#### PROMPT
Write out exactly every line from the one containing "Farmall A Wiring Diagram Diagram" through the final line of the material below, both included. Pictures are to be skipped.

#### SOURCE DATA
____________________
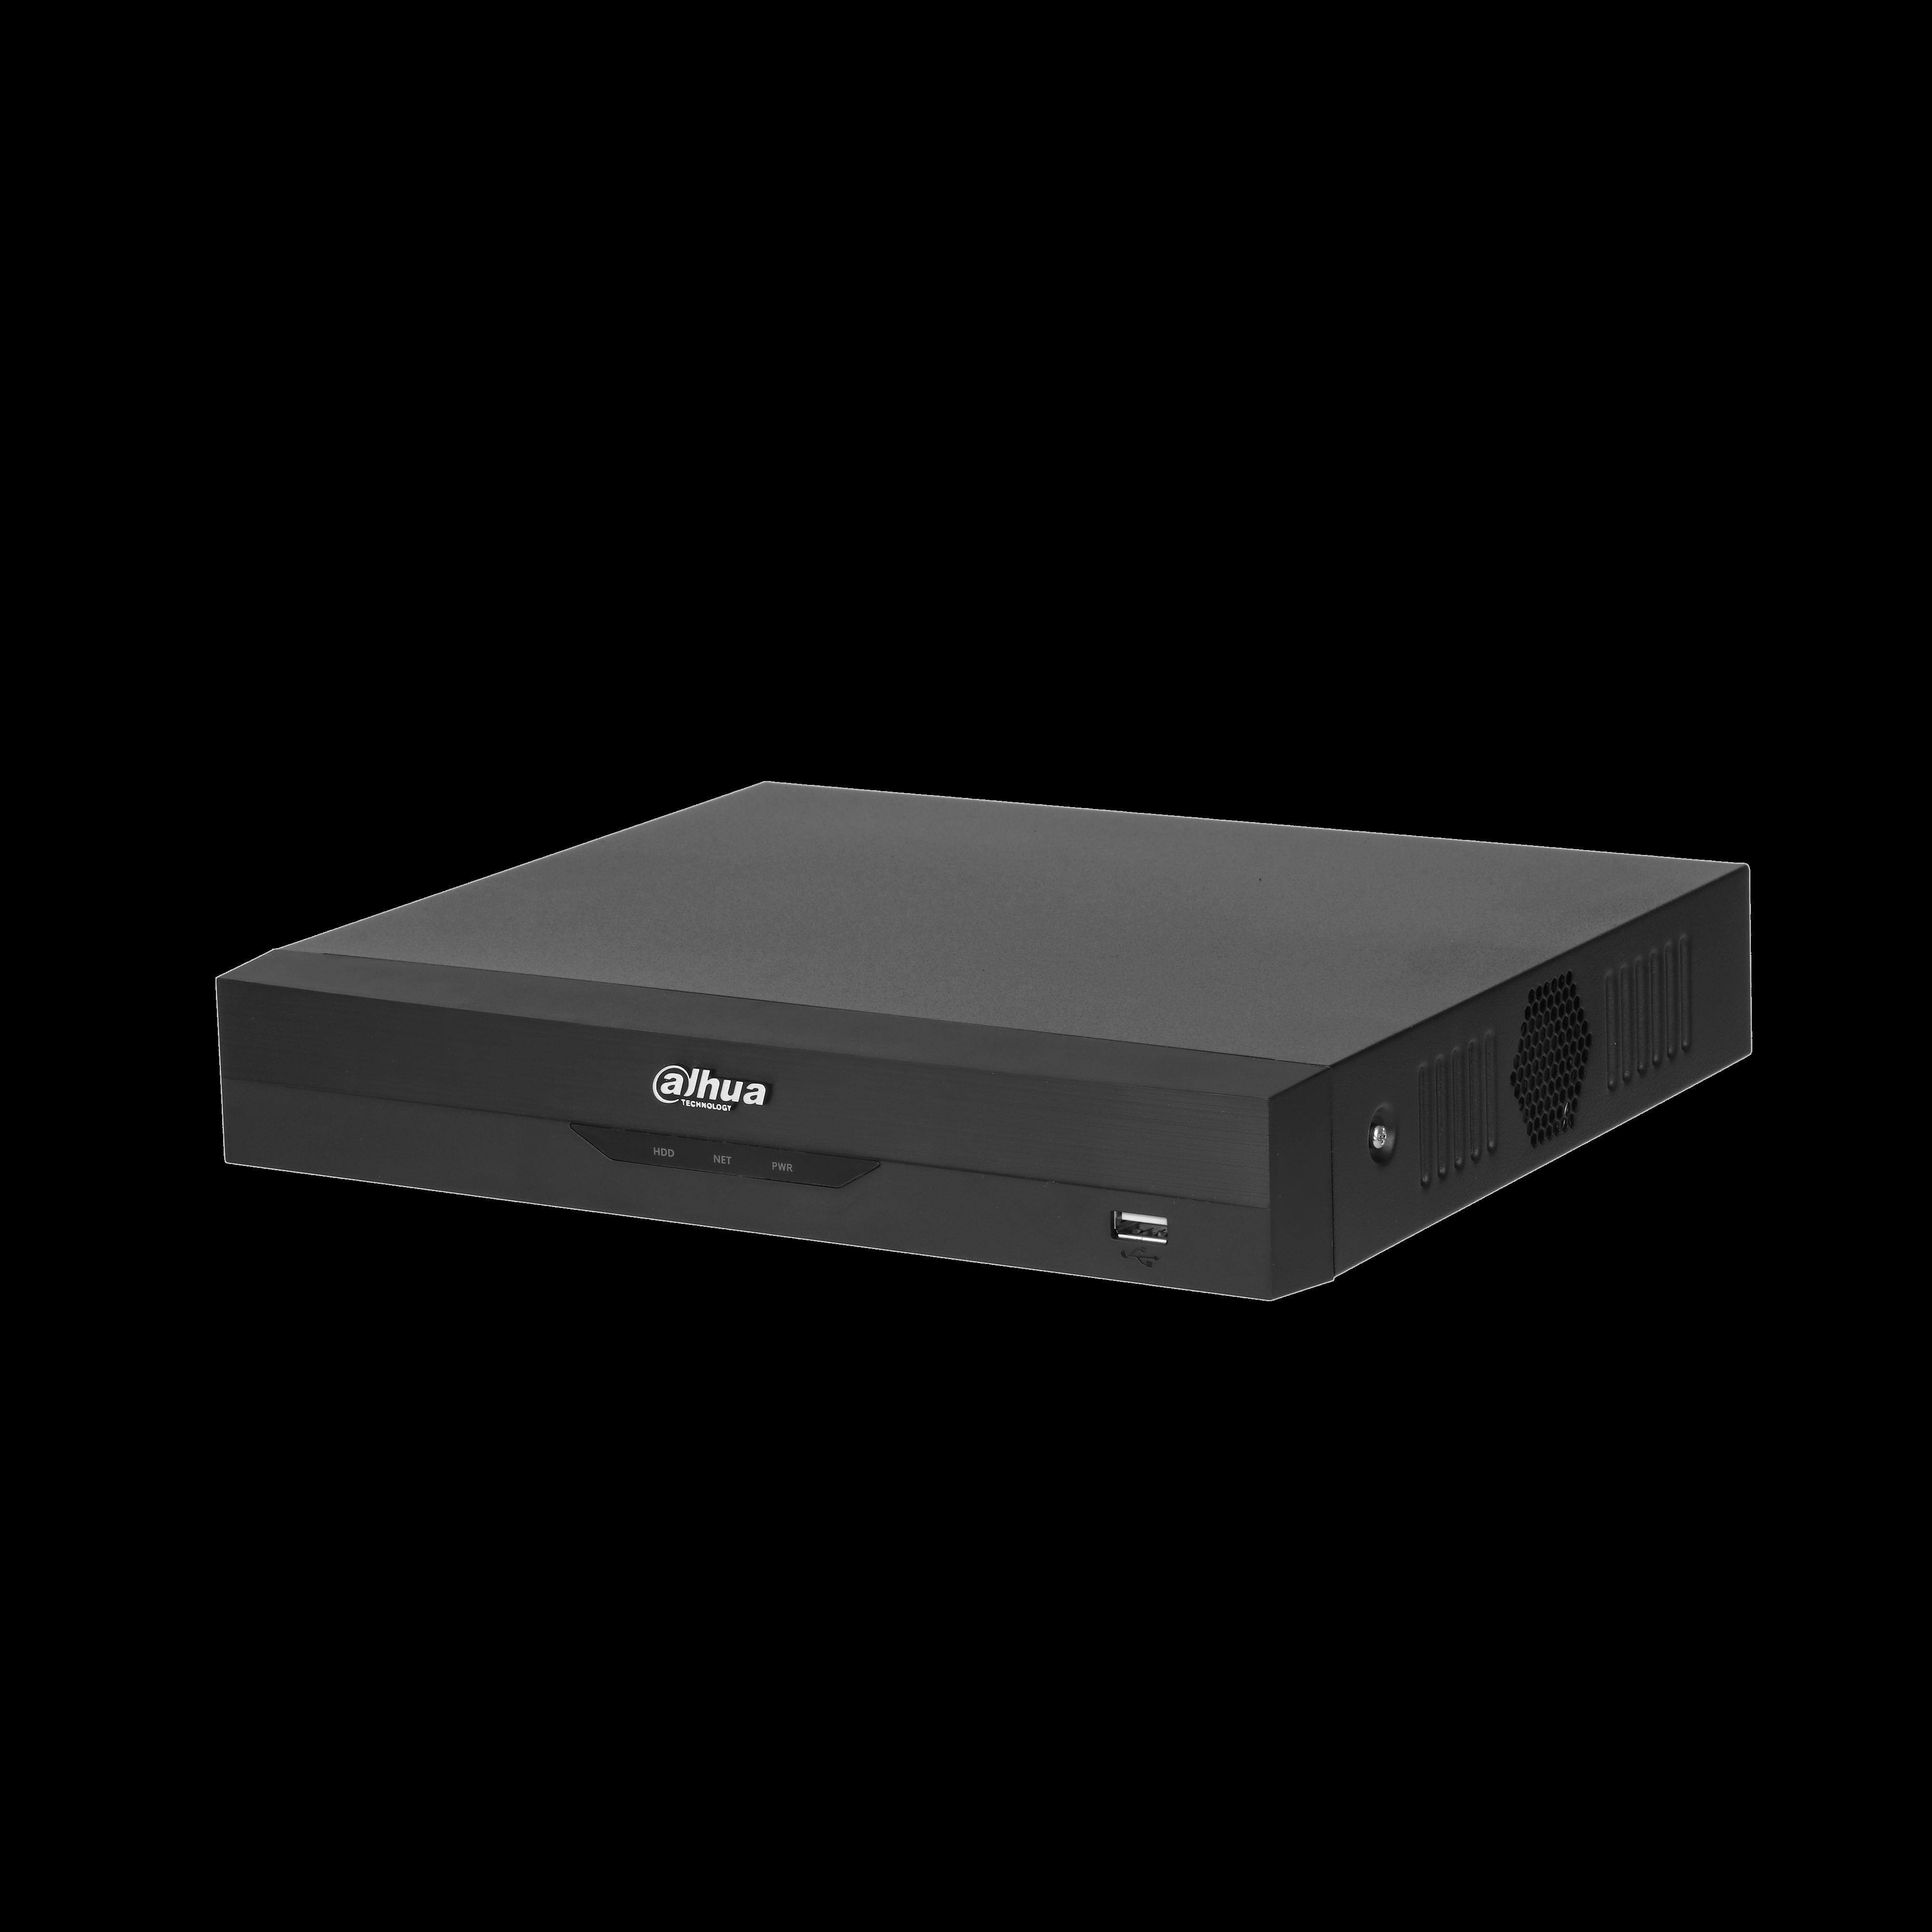 4-канальный IP видеорегистратор Dahua DHI-XVR5104HS-I3 (+ Антисептик-спрей для рук в подарок!)
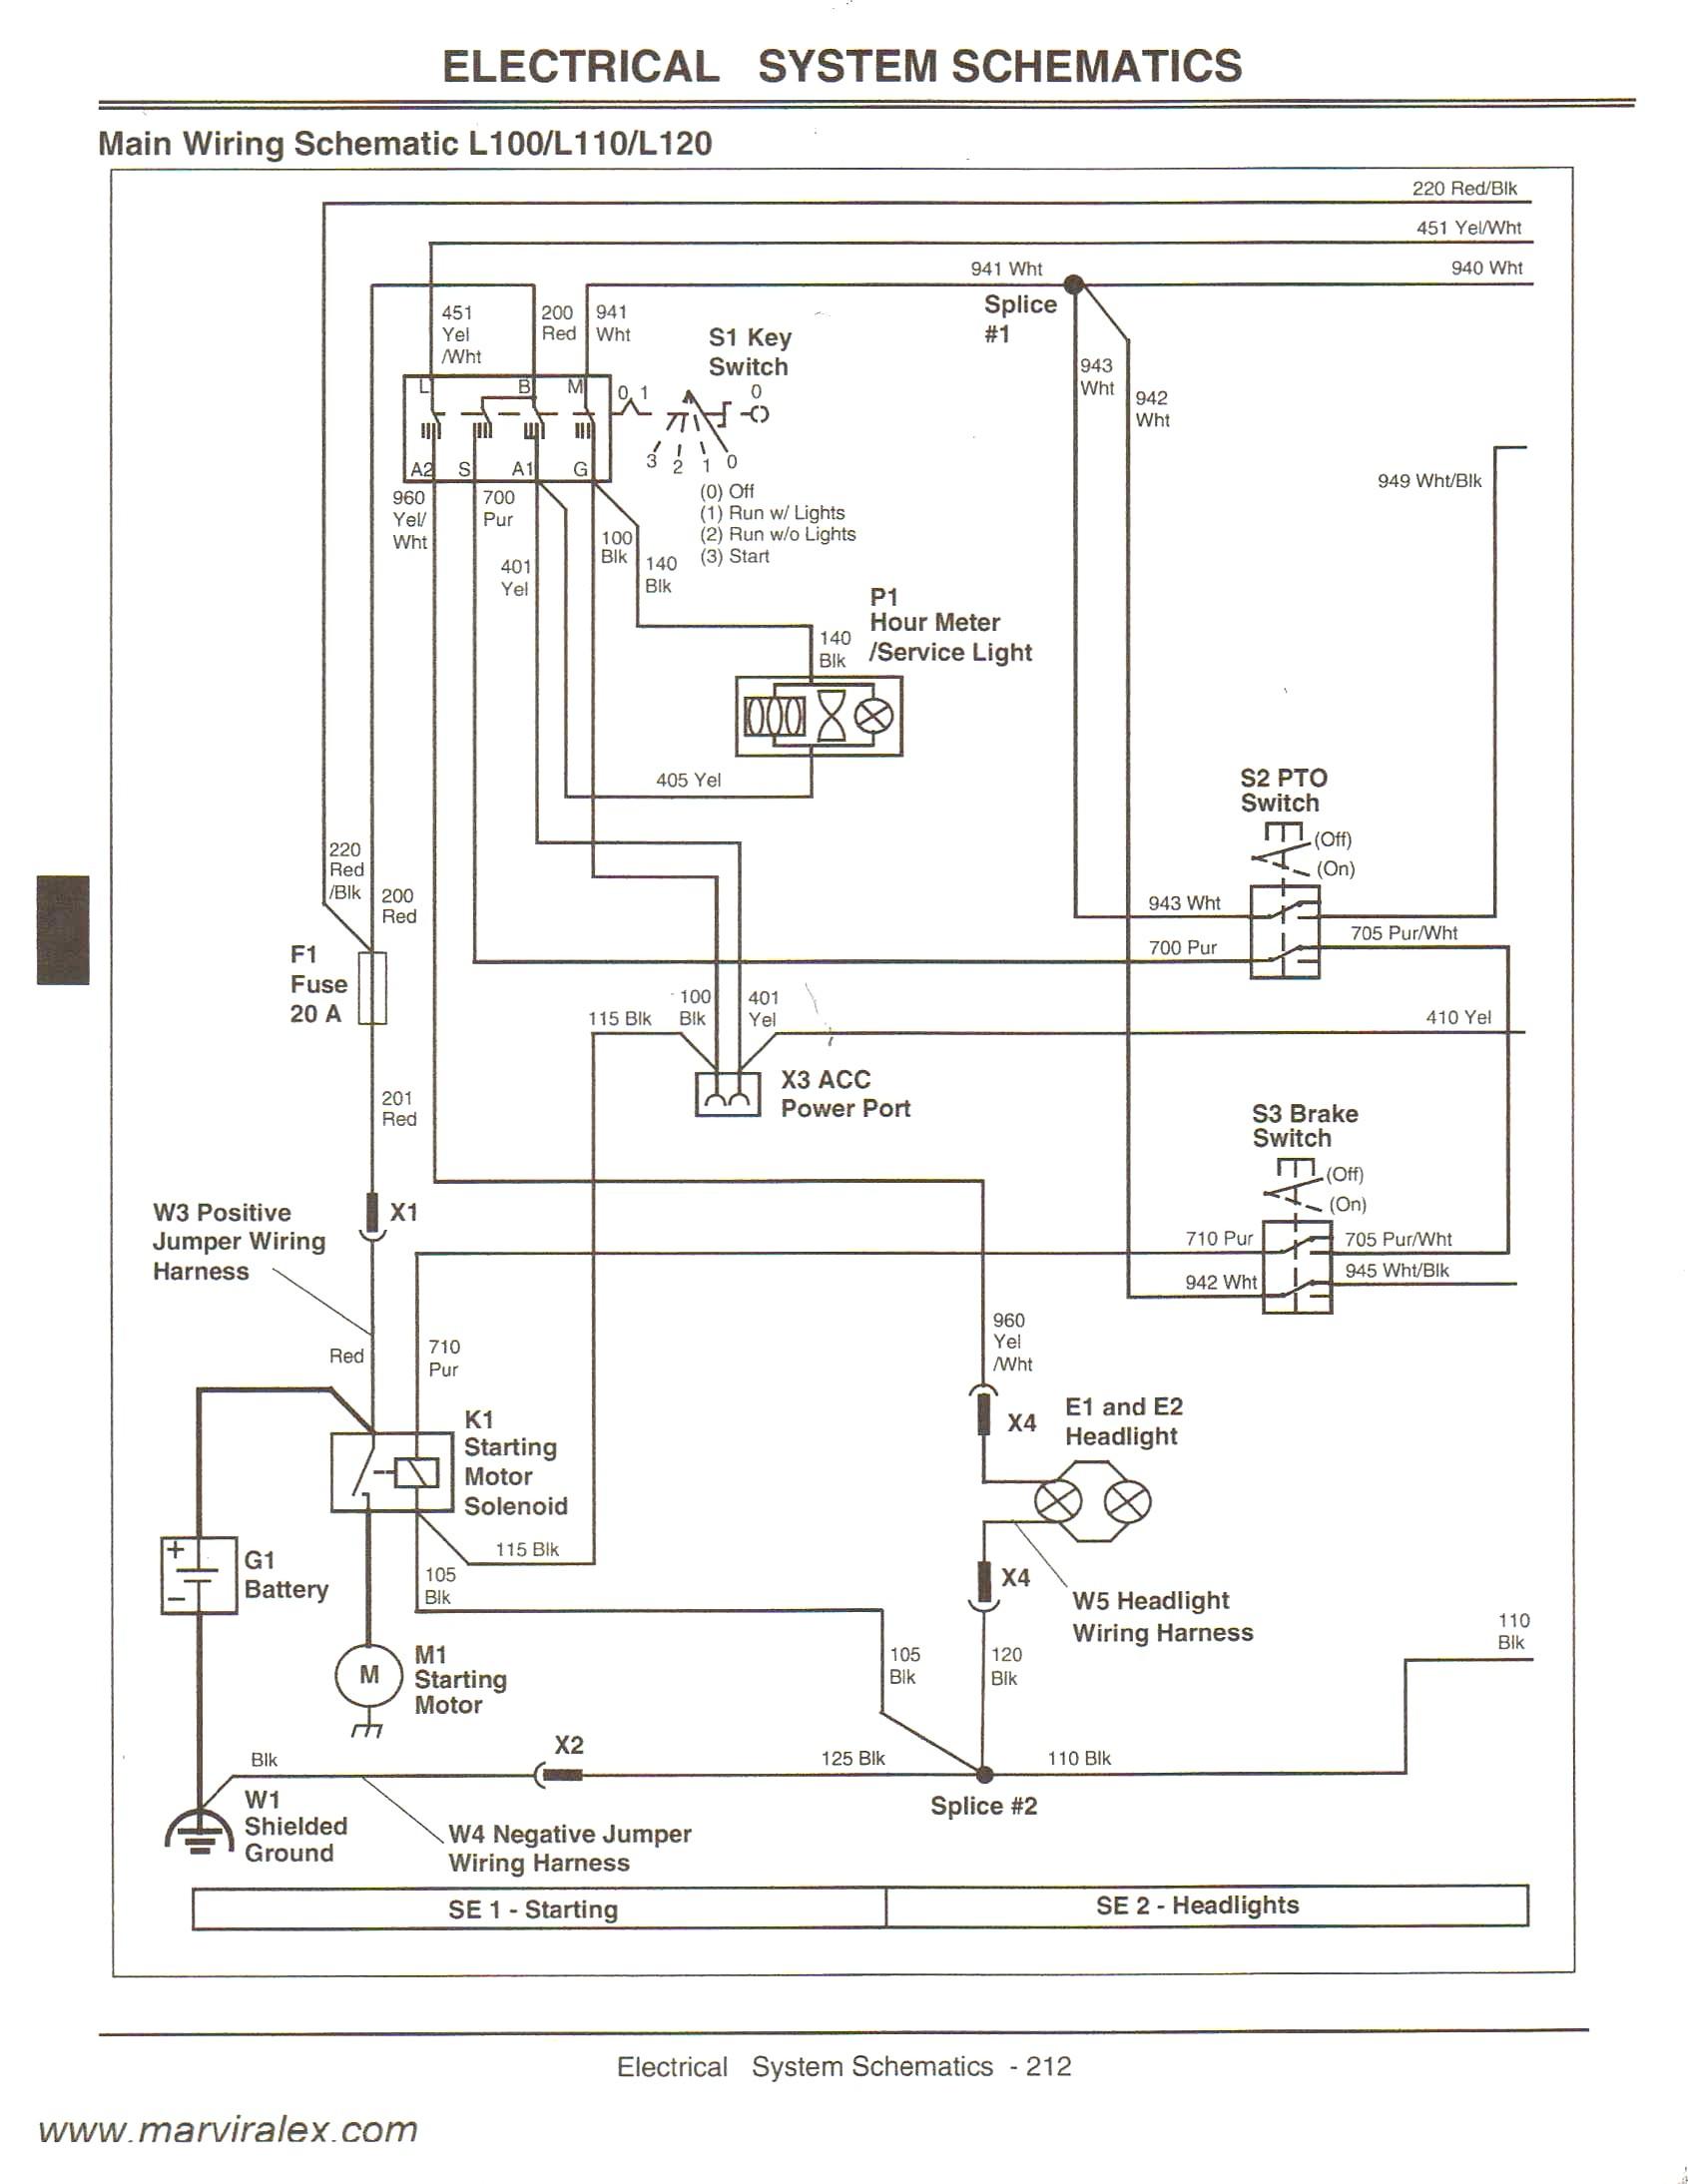 Farmall A Wiring Diagram Diagram Need Wiringiagram formall H Chevrolet Car Hydro Cub Of Farmall A Wiring Diagram
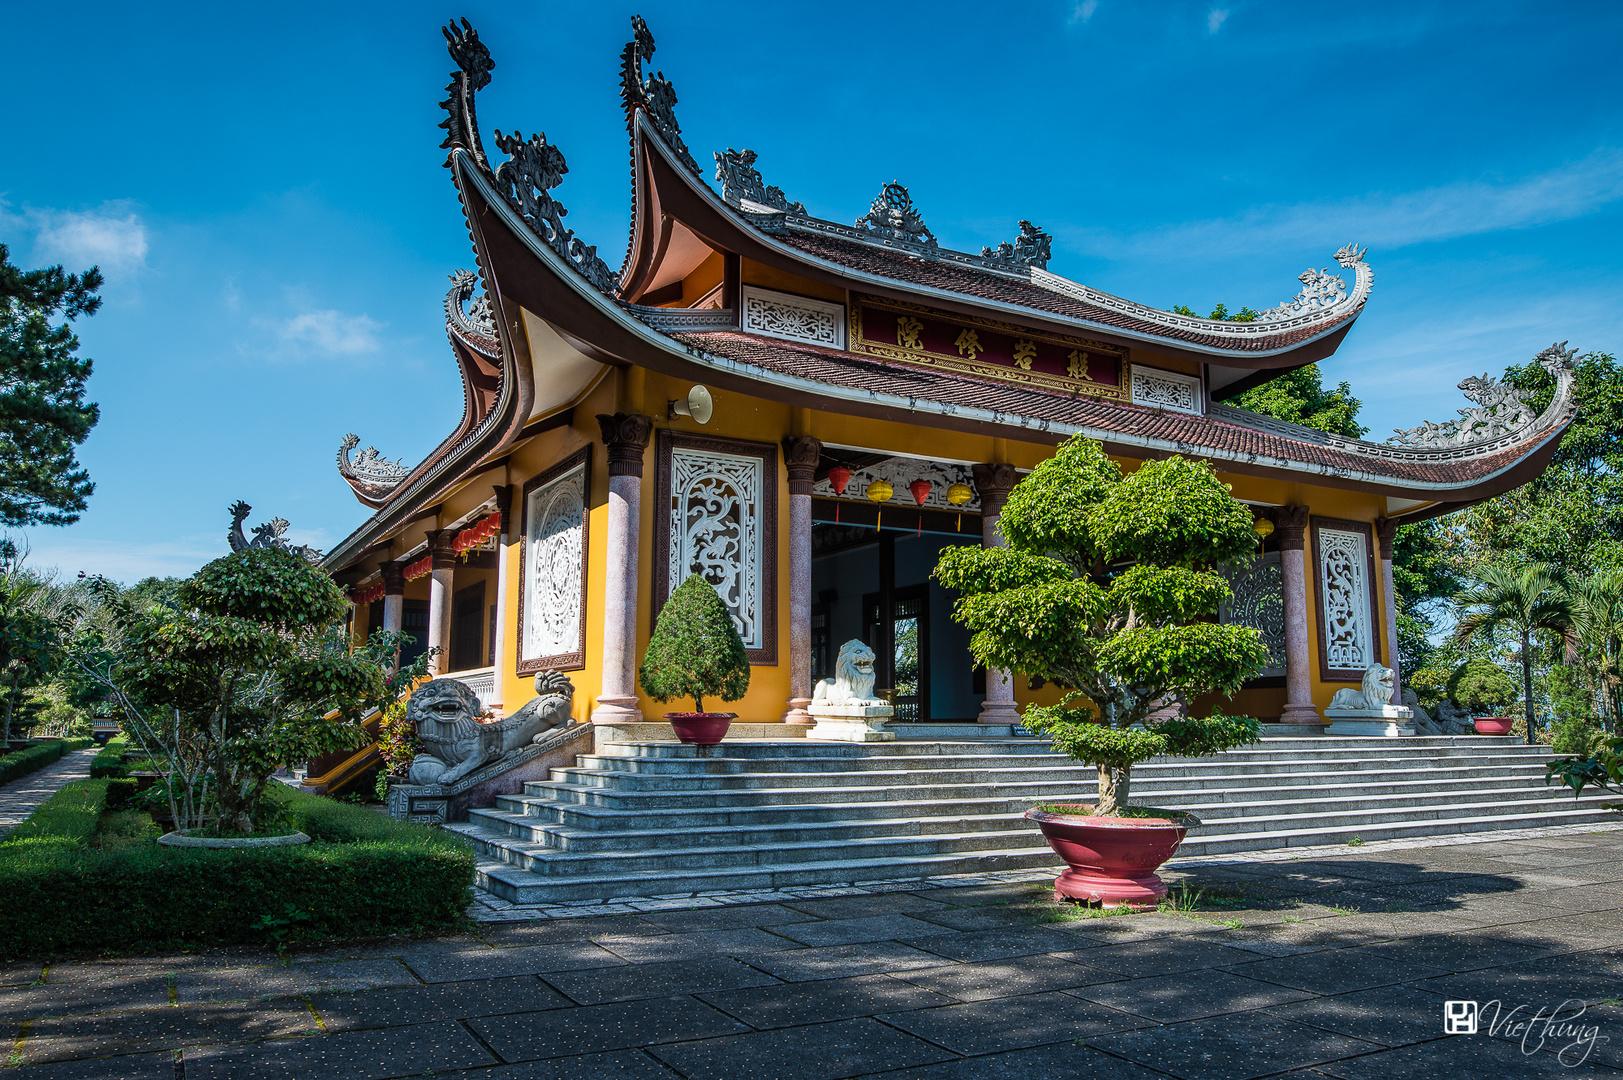 Bat Nha Pagoda
____________________
#### ANSWER BOX
 Farmall A Wiring Diagram Diagram Need Wiringiagram formall H Chevrolet Car Hydro Cub Of Farmall A Wiring Diagram
 Bat Nha Pagoda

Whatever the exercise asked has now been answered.